Velocityformer: Broken-Symmetry-Matched Equivariant Graph Transformers for Cosmological Velocity Reconstruction
Pith reviewed 2026-05-21 02:50 UTC · model grok-4.3
The pith
Matching a graph transformer's symmetry to the line-of-sight direction improves galaxy velocity reconstruction accuracy by 35 percent over linear theory.
A machine-rendered reading of the paper's core claim, the machinery that carries it, and where it could break.
Core claim
Velocityformer is an equivariant graph transformer whose inductive bias is matched to the broken symmetry created by the observer's line-of-sight direction. When this architecture is conditioned on the physics-based long-wavelength velocity field, the correlation r with true velocities rises 35 percent above the standard linear-theory prediction and exceeds other machine-learning baselines at all data volumes. The resulting velocity maps improve the signal-to-noise ratio of kinematic Sunyaev-Zel'dovich measurements by the same factor and remain accurate when applied zero-shot to high-fidelity catalogs.
What carries the argument
An equivariant graph transformer whose attention and message-passing layers respect translational and rotational equivariance except along the explicit line-of-sight direction, thereby matching the dominant symmetry breaking present in observational data.
If this is right
- A 35 percent rise in r produces a matching 35 percent rise in signal-to-noise ratio for kinematic Sunyaev-Zel'dovich measurements on the same galaxy sample.
- The model reaches usable accuracy after training on only four low-fidelity simulations, reducing the computational cost of producing velocity reconstructions.
- Zero-shot generalization across survey geometry, cosmological parameters, and galaxy selection removes the need for retraining when analyzing new data releases.
- Performance gains remain consistent when the model size or training volume is varied, indicating that the symmetry match itself drives the improvement rather than scale alone.
Where Pith is reading between the lines
- The same broken-symmetry matching strategy could be applied to other line-of-sight-dependent cosmological fields such as redshift-space distortions or integrated Sachs-Wolfe reconstructions.
- Because the architecture stays data-efficient, it may become practical to retrain periodically on the latest simulation suites as they become available.

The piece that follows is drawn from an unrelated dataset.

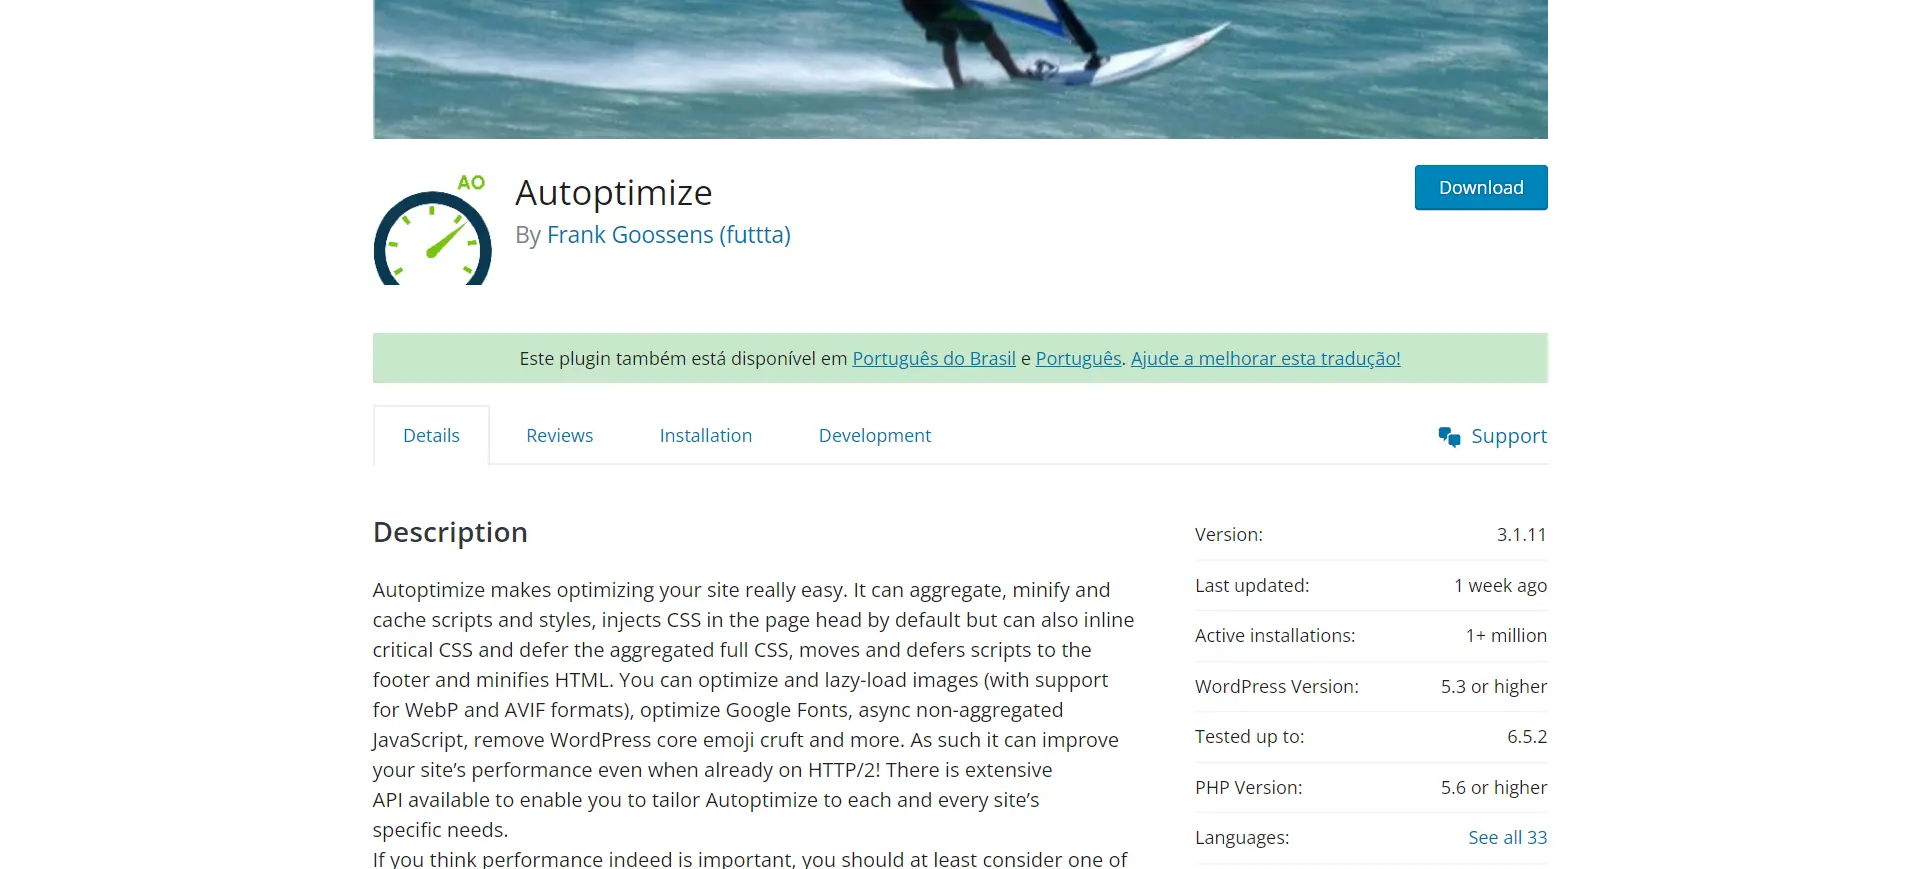 Autoptimize: Review & Tutorial to Pass Core Web Vitals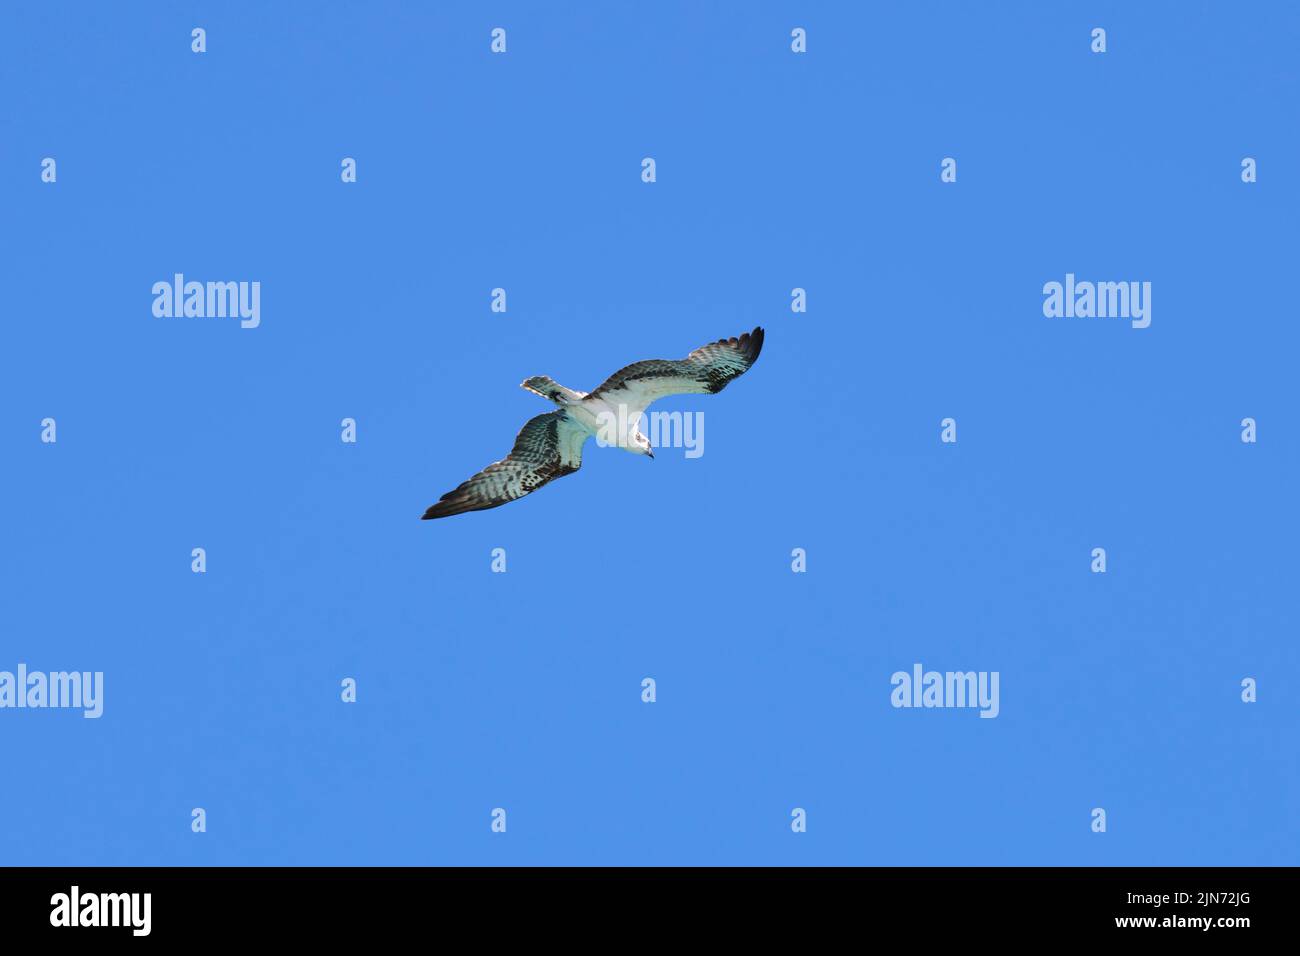 Magnifique aigle à oiseaux sauvages avec ailes étalées volant haut dans le ciel bleu Banque D'Images

- If the line-of-sight symmetry match proves robust, similar inductive-bias alignment may reduce data requirements in other sparse scientific domains where observations break continuous symmetries.
Load-bearing premise
The dominant symmetry breaking in the observations arises solely from the line-of-sight direction, and training on a small number of low-fidelity simulations is enough for the model to generalize to high-fidelity catalogs and real survey data.
What would settle it
Measure the correlation coefficient r on a held-out set of high-fidelity simulated galaxy catalogs whose input geometry and cosmological parameters were never seen during training; if the reported 30 percent gain over the linear baseline disappears, the central claim fails.
Figures
read the original abstract
Precise measurement of the kinematic Sunyaev-Zel'dovich (kSZ) effect - a probe of the large-scale distribution of baryonic matter, a key observable for cosmological inference - requires accurate reconstruction of galaxy velocities from spectroscopic surveys. The signal-to-noise ratio (SNR) of kSZ measurements scales directly with the correlation coefficient $r$ between reconstructed and true velocities. We introduce Velocityformer, an equivariant graph transformer architecture designed to match the specific symmetry of the observational data. While the underlying physics is equivariant with respect to translations and rotations, observational effects break this symmetry due to the preferred line-of-sight direction. Matching the model's inductive bias to the data's broken symmetry consistently improves performance across all model sizes and training volumes, with Velocityformer improving $r$ by 35% over the standard linear theory baseline and outperforming ML baselines at every data volume. By matching the model's inductive bias to the data and conditioning on the physics-based long-wavelength solution, Velocityformer is highly data-efficient, training to high accuracy on as few as 4 low-fidelity simulations, and generalises zero-shot across input geometry, cosmological parameters, and galaxy sample. On high-fidelity simulated galaxy catalogues, this yields a 30% improvement in $r$ over the physical baseline, directly translating to the same SNR gain on observational data.
Editorial analysis
A structured set of objections, weighed in public.
Referee Report
Summary. The manuscript introduces Velocityformer, an equivariant graph transformer architecture for reconstructing galaxy velocities from spectroscopic surveys to improve kSZ effect measurements. The central claim is that matching the model's inductive bias to the broken rotational symmetry induced by the line-of-sight direction yields consistent performance gains, including a 35% improvement in the correlation coefficient r over the linear-theory baseline, data efficiency sufficient for training on only 4 low-fidelity simulations, and zero-shot generalization across input geometry, cosmological parameters, galaxy samples, and to high-fidelity catalogs (where a 30% r improvement over the physical baseline is reported).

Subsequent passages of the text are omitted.